FIG. 7 is a schematic perspective view for explaining a method for measuring a density distribution of a supplied powder according to the present invention.

8 (a) is a diagram showing the deposition height in the width direction of the supplied powder obtained by the measurement method shown in FIG. 7,
(B) is a diagram showing the deposition height in the width direction of the supplied powder when a conventional nozzle is used.

FIG. 9 is a diagram showing the build-up height when a cylinder head of an engine is built using the laser build-up method and apparatus according to the present invention.

[Explanation of symbols]

 DESCRIPTION OF SYMBOLS 1 Cylinder head 1a Cylinder head port part 1b Valve seat part for an intake valve 1c Valve seat part for an exhaust valve 1d Spark plug hole 2 Overlaid area 3 Overlay powder 4 Laser beam 5 Overlay section 9 Powder supply device 10, 11 supply Nozzles 10a, 10b Supply ports 12, 13 Nozzle holders 14 Main body 14a, 14b Guide grooves 20, 21 Supply nozzles 30 Acrylic resin 32 Smooth plate

Claims (7)

[Claims] 1. A cladding material is supplied to a cladding region of a base material, and the supplied cladding material is irradiated with a laser beam while oscillating in a width direction perpendicular to the cladding direction.
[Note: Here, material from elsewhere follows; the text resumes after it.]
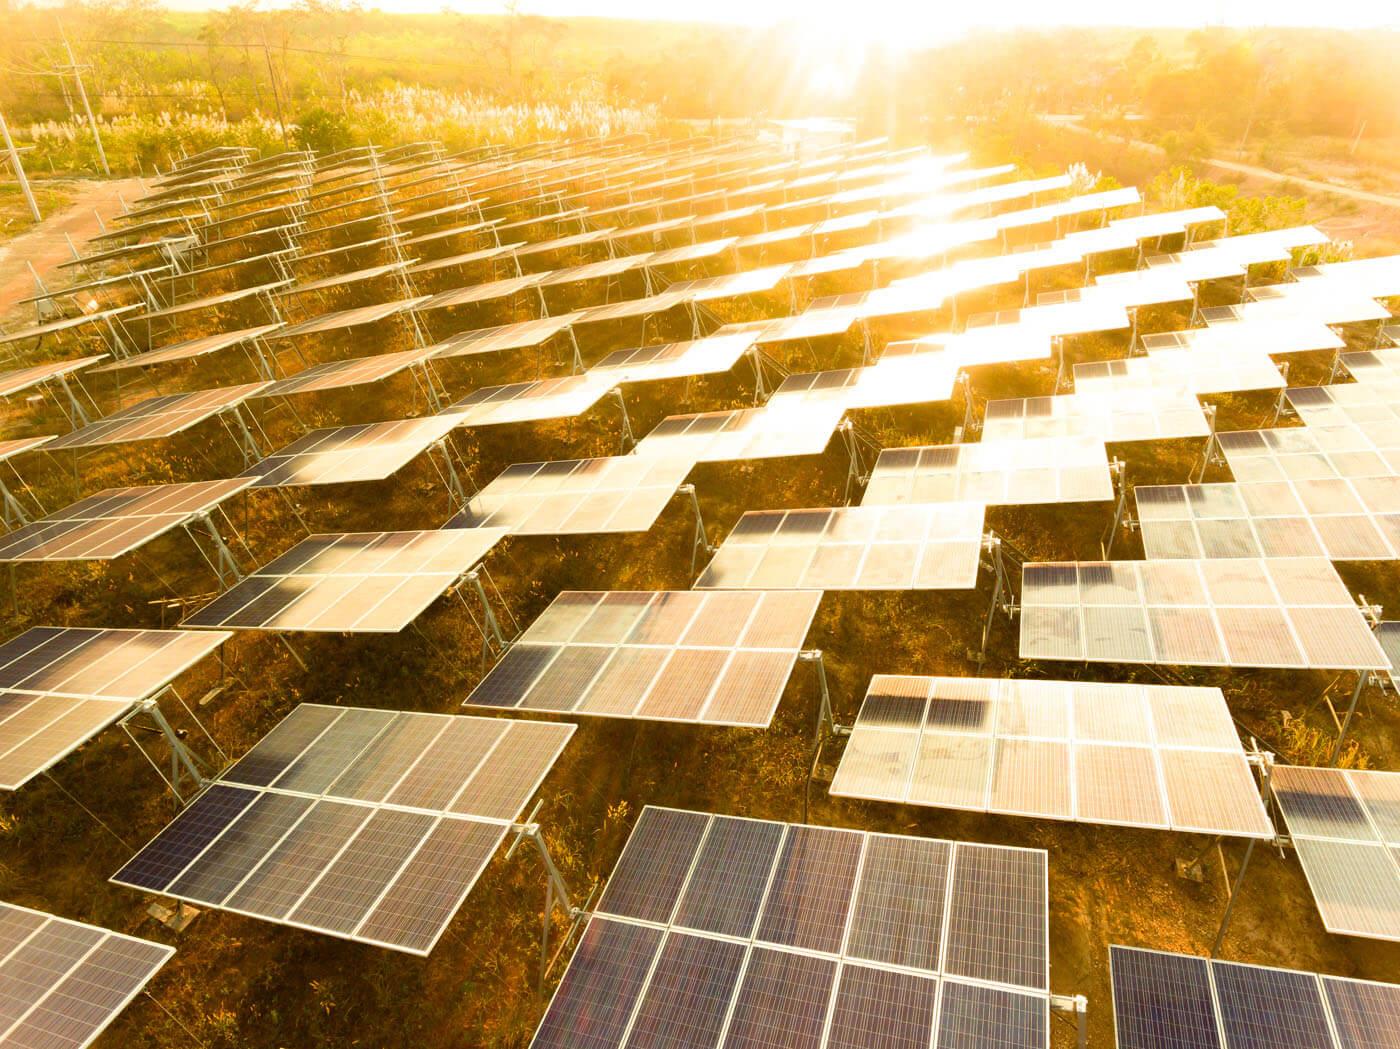 Solar panels in bright sunlight.

A laser cladding method for simultaneously forming a cladding portion by melting a part of the cladding material and the cladding material, wherein a peak position of an apparent power density distribution in the cladding region of the laser beam and the cladding region. A laser cladding method comprising: setting a peak position of a supply density distribution in a width direction perpendicular to a cladding direction of a cladding material to be supplied to a corresponding position. 2. The laser beam overlay method according to claim 1, wherein the profile of the apparent power density distribution and the profile of the supply density distribution of the overlay material are set to have substantially the same shape. 3. The laser cladding method according to claim 1, wherein the cladding material is supplied to the cladding region through at least two passages at the supply outlet. . 4. The laser beam thickness according to claim 3, wherein a center position of each of the exits of the two passages coincides with a center position of each of the spots at both ends in the oscillating direction of the laser beam. Serving method. 5. A supply means for supplying a build-up material to a build-up area of a base material, and irradiating the supplied build-up material with a laser beam oscillating in a width direction perpendicular to the build-up direction. A laser beam irradiating means, and a laser cladding apparatus for forming a cladding part by simultaneously melting a part of the base material and the cladding material, wherein the supplying means is divided into at least two at its supply outlet. A laser cladding device comprising a supply nozzle forming two passages. 6. The laser cladding apparatus according to claim 5, wherein the supply nozzle includes two nozzles arranged in a width direction perpendicular to the cladding direction. 7. The laser cladding apparatus according to claim 6, further comprising adjusting means for adjusting a center-to-center distance at outlets of the two nozzles.